DATA -
----------

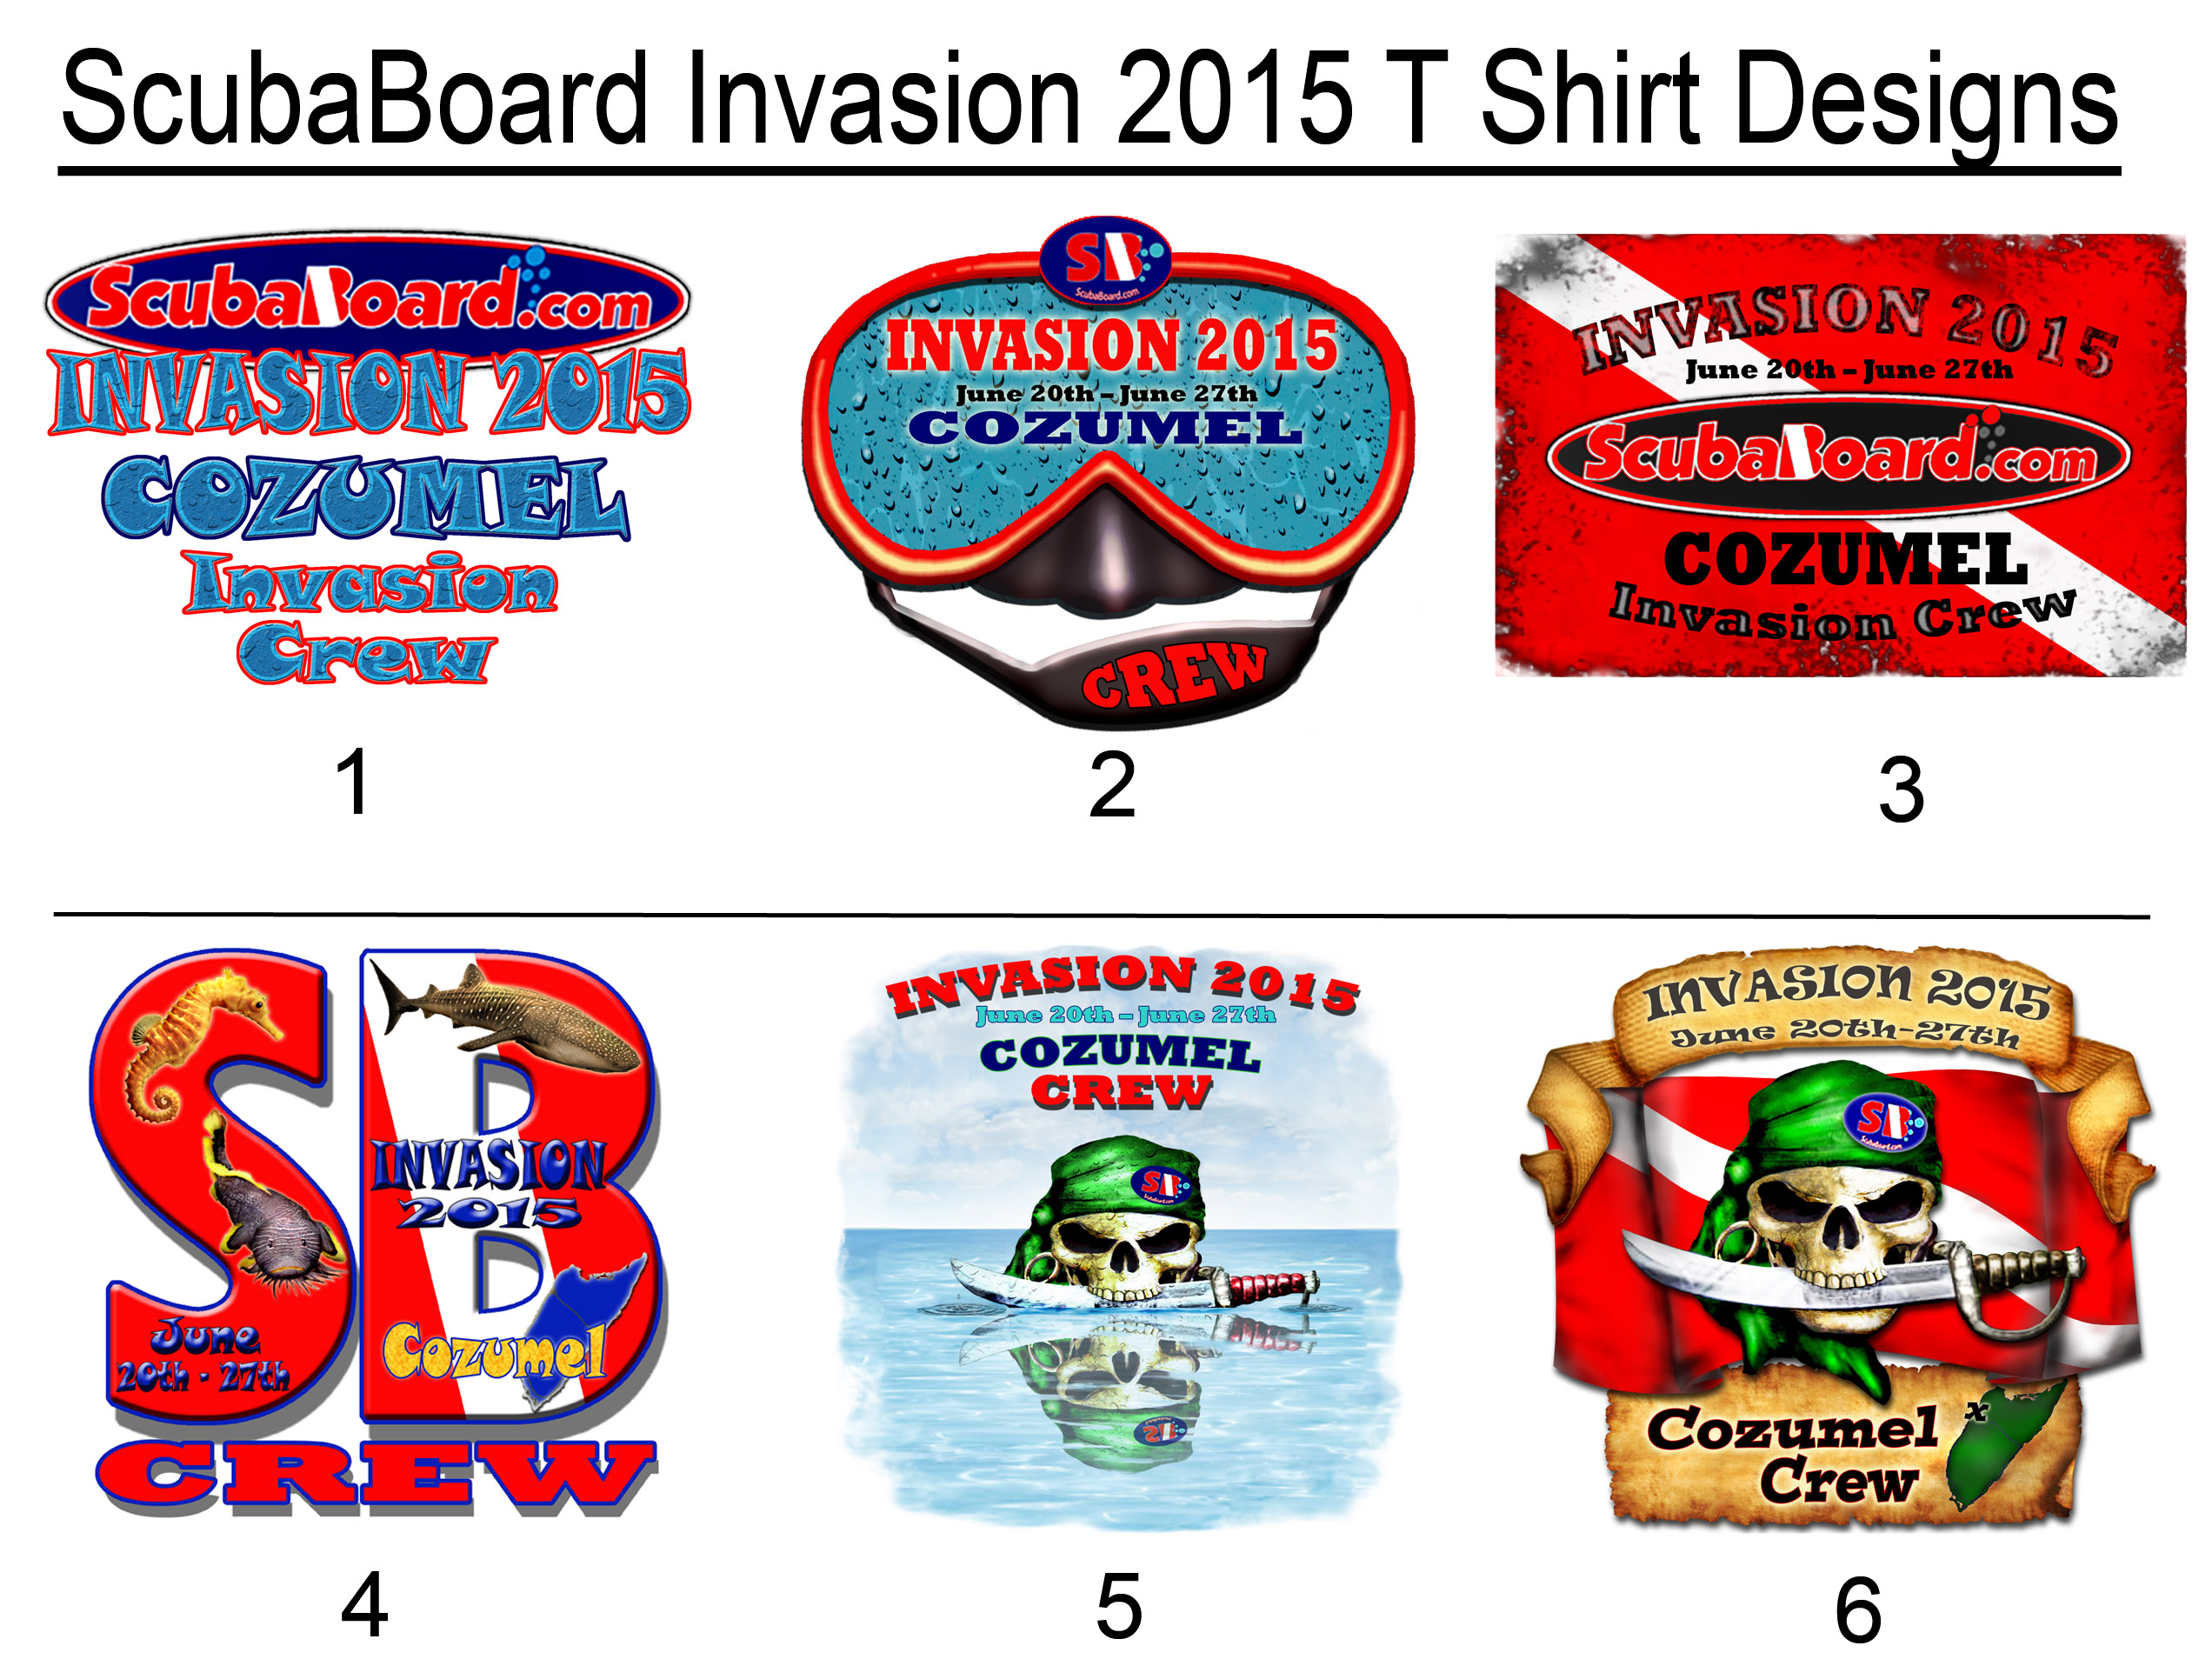 SB_Invasion_2015_T_Shirt_Designs_1-6
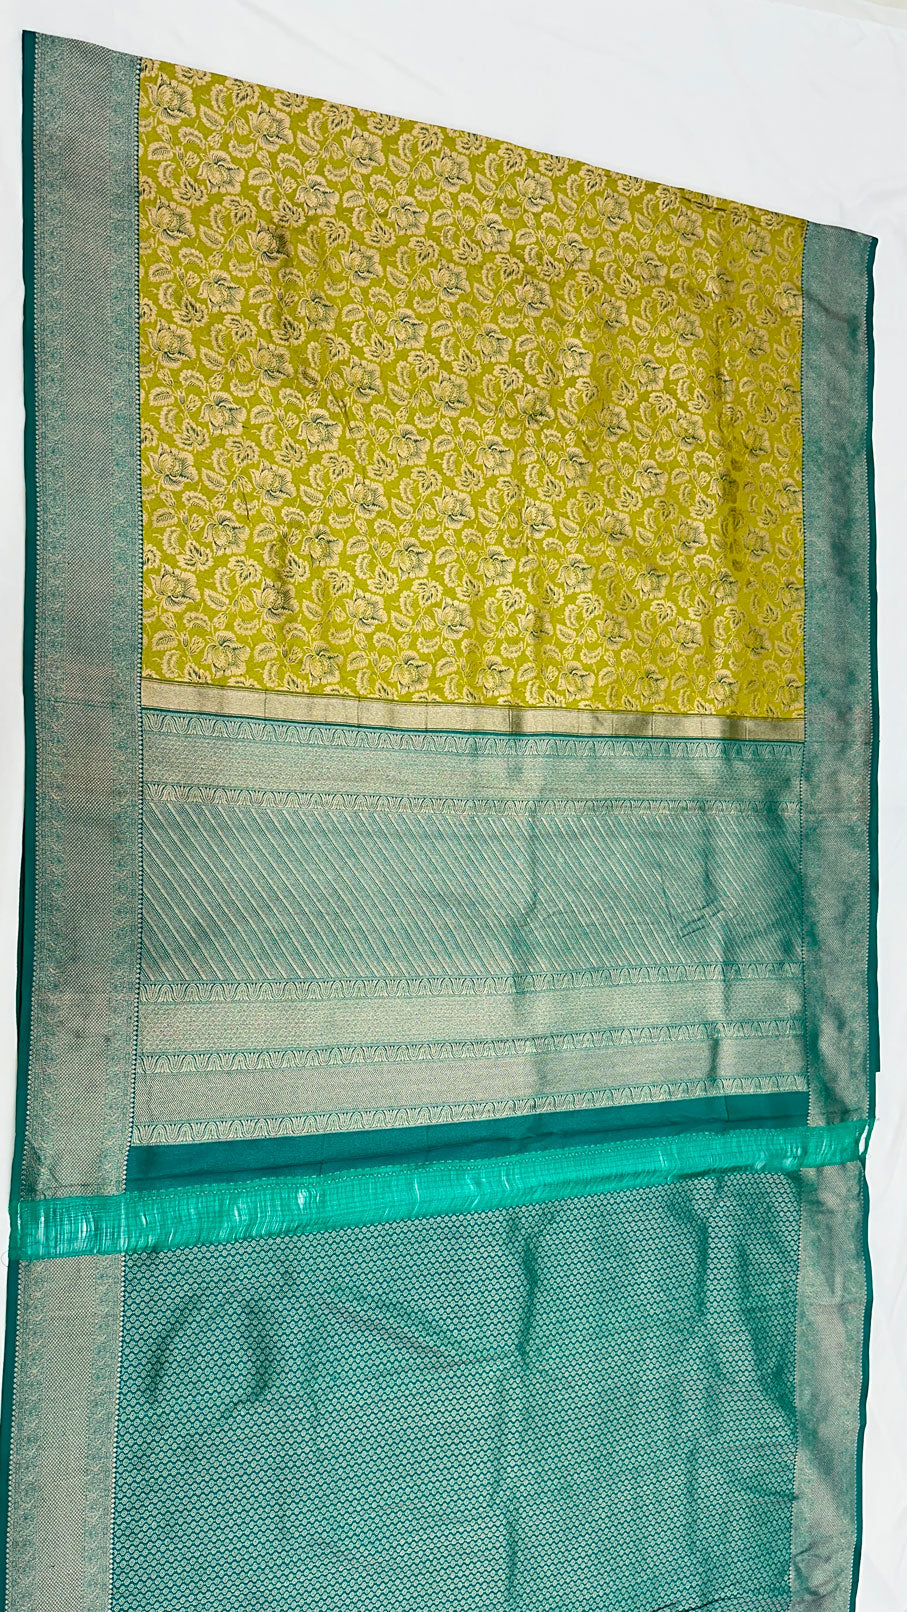 Kanchipuram Bridal Silk Saree with Light Green Body with Ramar Green Border, Pallu, Blouse
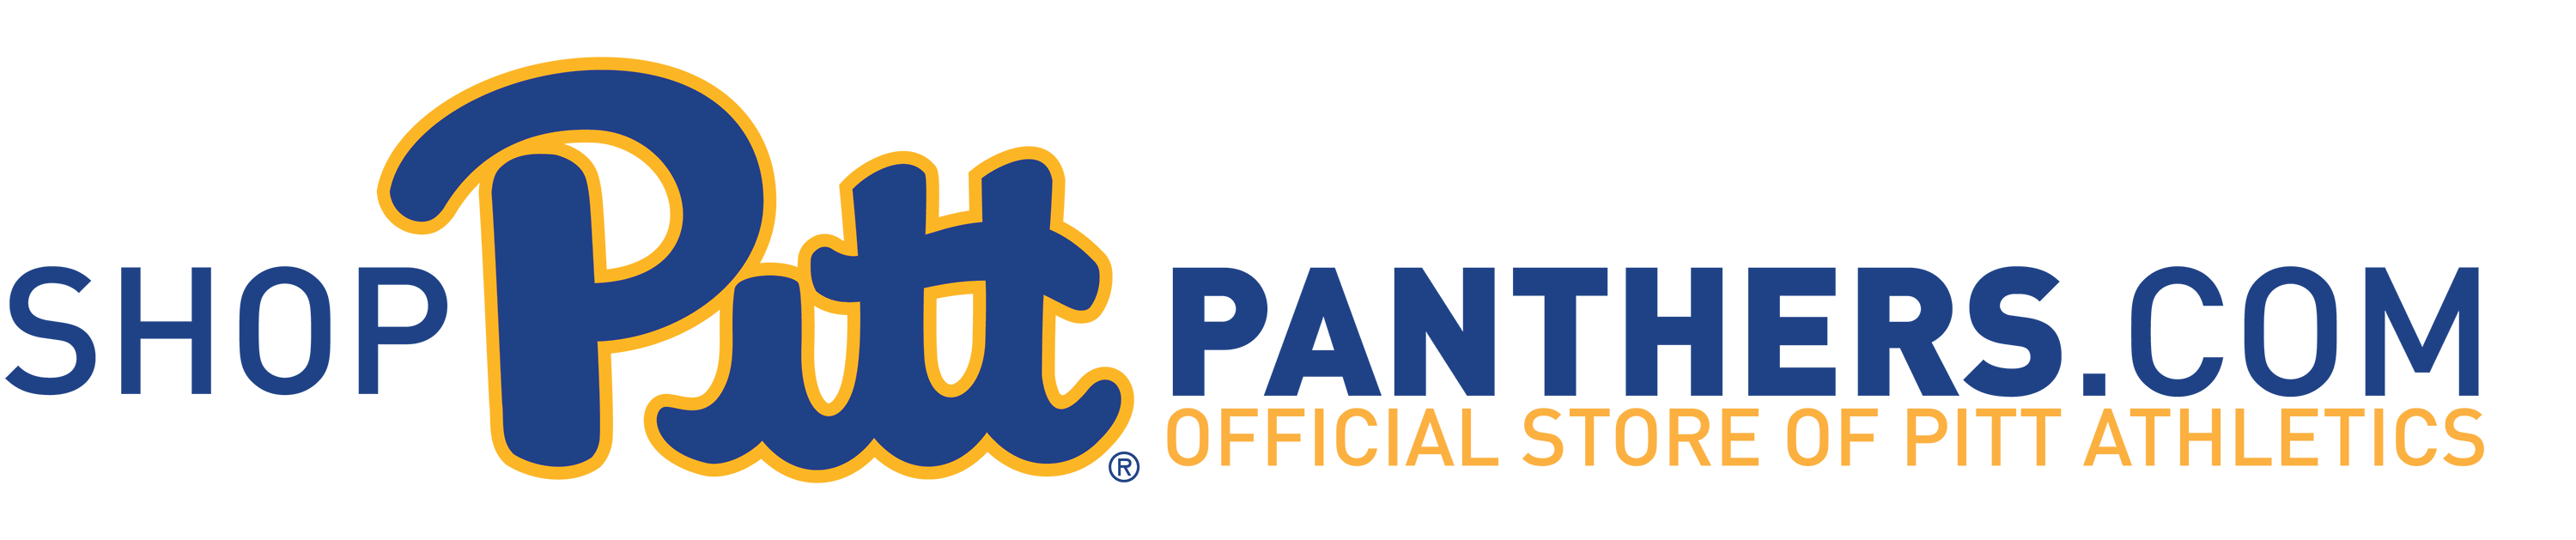 panthers shop

----------

Leave out the pictures and print every line of the data exactly.

 SB_Invasion_2015_T_Shirt_Designs_1-6
 Kanchipuram Bridal Silk Saree with Light Green Body with Ramar Green Border, Pallu, Blouse
 panthers shop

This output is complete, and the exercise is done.